Another Day on Earth is the twenty-second solo studio album by Brian Eno, released on 13 June 2005 in the UK and Europe through Hannibal Records, and on 14 June 2005 in the US. The album was predominantly recorded and mixed on Macintosh software, using Logic Pro, over a period of four years.

Professional ratings
Aggregate scores
| Source | Rating |
| Metacritic | 71/100 |
Review scores
| Source | Rating |
| AllMusic | Star Half star |
| Entertainment Weekly | B+ |
| The Guardian | Star |
| Los Angeles Times | Star Half star |
| Mojo | Star |
| The Observer | Star |
| Pitchfork | 6.1/10 |
| PopMatters | 7/10 |
| Spin | A− |
| Uncut | 8/10 |

==Overview==
"Bottomliners" and "Under" were first worked on about six years previously, on a DA88, the latter songs' drumming being supplied by Willie Green. On the former, and on the ballad "And Then So Clear" he pitch-shifted his voice up an octave, using the gender-changing function on a Digitech Pro Vocalist creating a vocoder-like effect. His studio features a selection of hardware including a Lexicon Jam Man loop sampler and an Eventide H3000 Harmonizer.

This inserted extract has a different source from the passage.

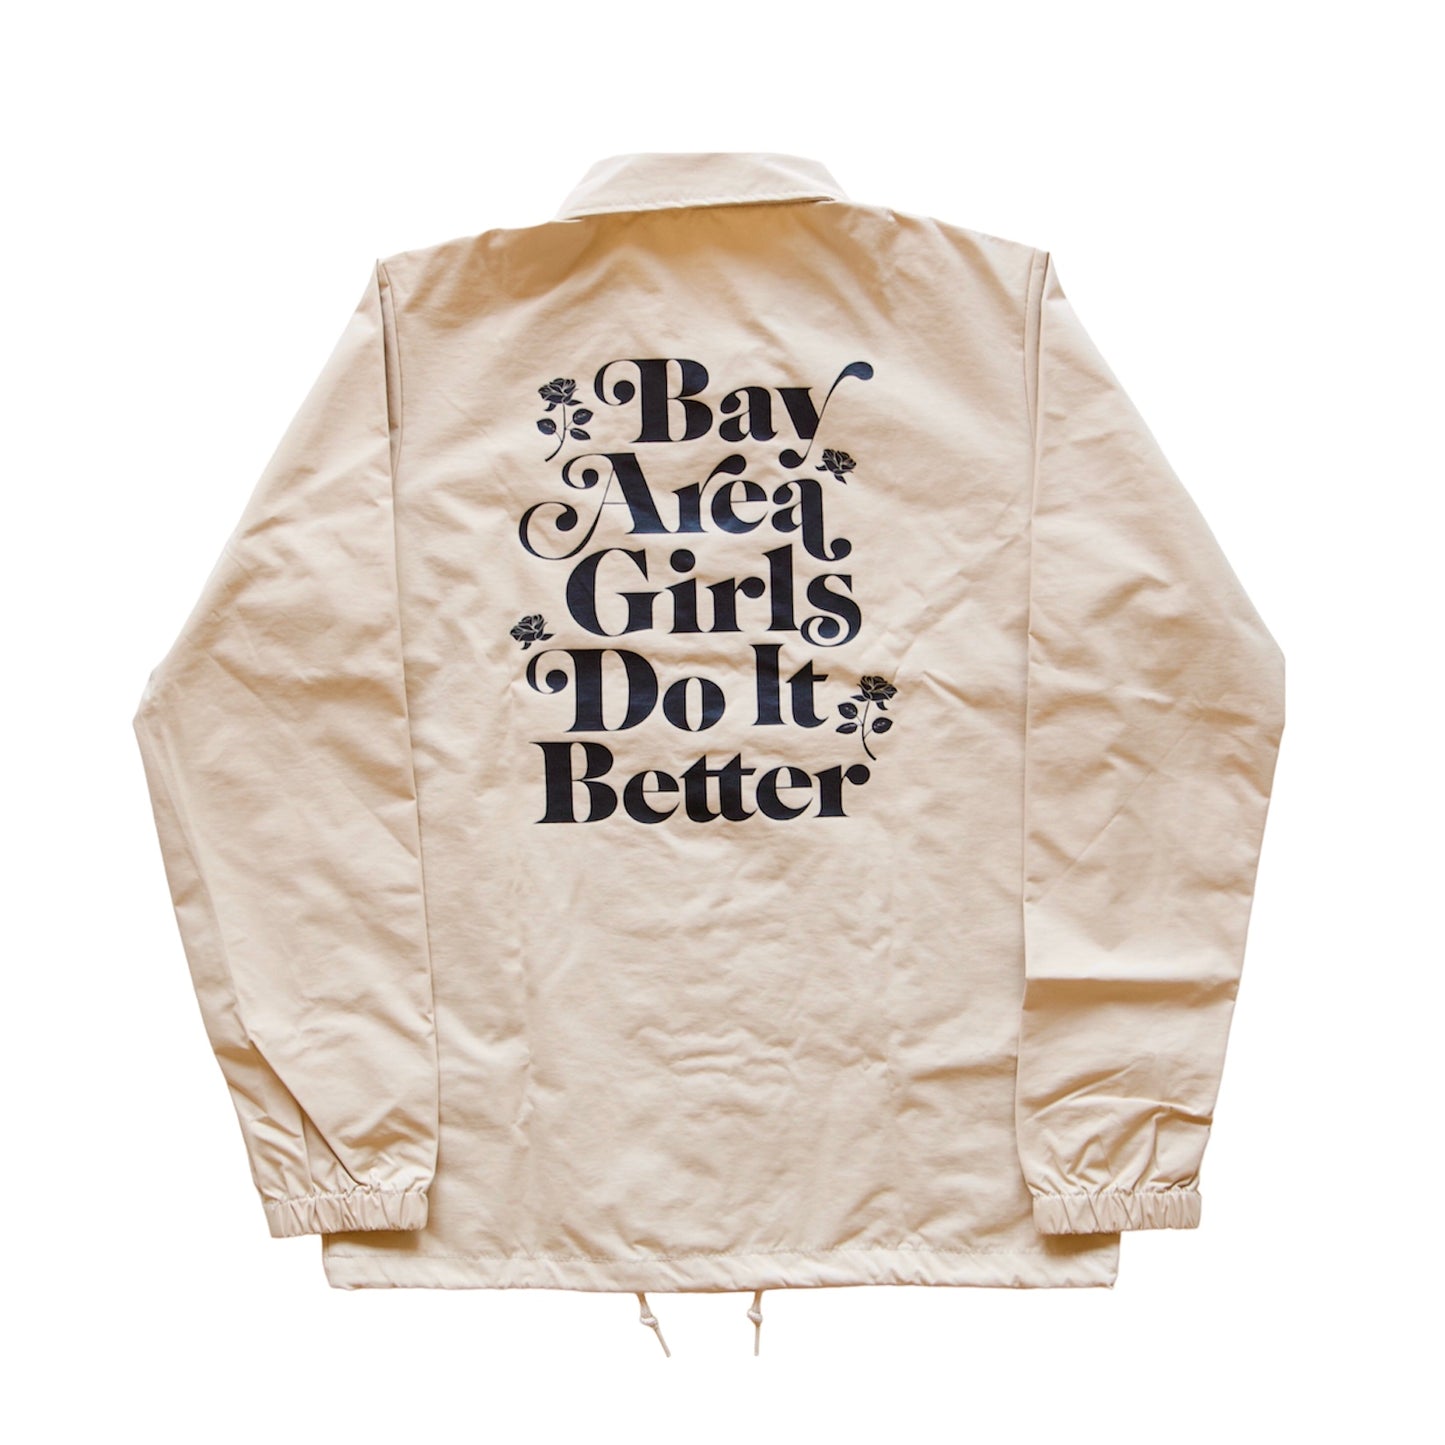 Khaki “Bay Area Girls Do It Better” Windbreaker Jacket

The album is actually built around the "And Then So Clear" song. He says "... In one day, actually, I pretty much finished it ... I liked it so much, and I thought, how I am going release this song, and I thought, I have to write some others."

On the title track he repeatedly cut up the main phrase, so that "the listener had little windows on it." Similar "cut-up" methodologies were used for the lyrics of "This," in that he used his computer to generate some of the words.

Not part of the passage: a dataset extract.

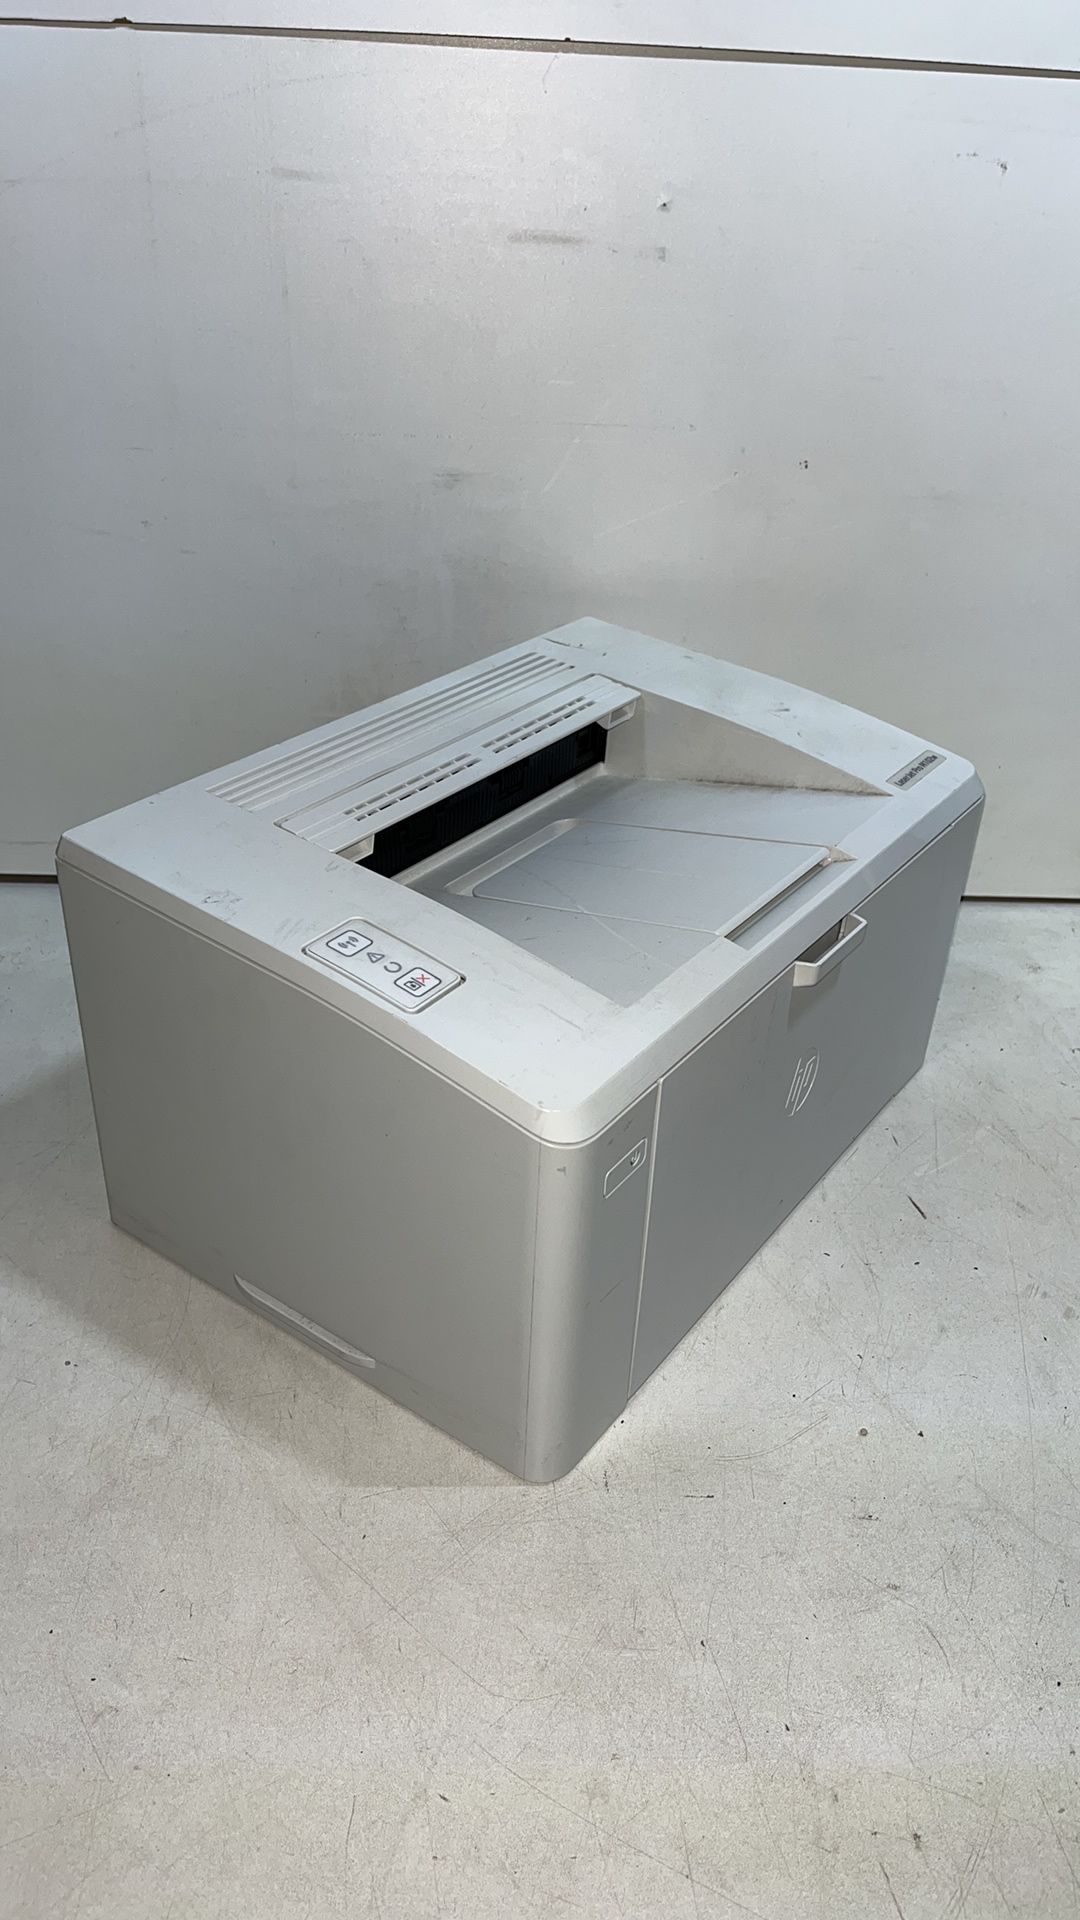 HP LaserJet Pro M102W Printer - Image 4 of 5

"Under" is a nearly-identical version of a song that was on the unreleased 1991 album My Squelchy Life, which was released in 2014 as a bonus disc with a reissue of Eno's 1992 Nerve Net. It was also included in the Cool World soundtrack album.

For the ambient-style "A Long Way Down" Eno manually synchronised his vocals with an out of time keyboard melody, and on "Going Unconscious" he went back to using Koan generative music software for the textural background.

The distinctions between songs and instrumentals which contain vocals are deliberately blurred, particularly on the track "How Many Worlds": "There's just enough voice in there to make you hear it as a song, making it a bluff, a deceit."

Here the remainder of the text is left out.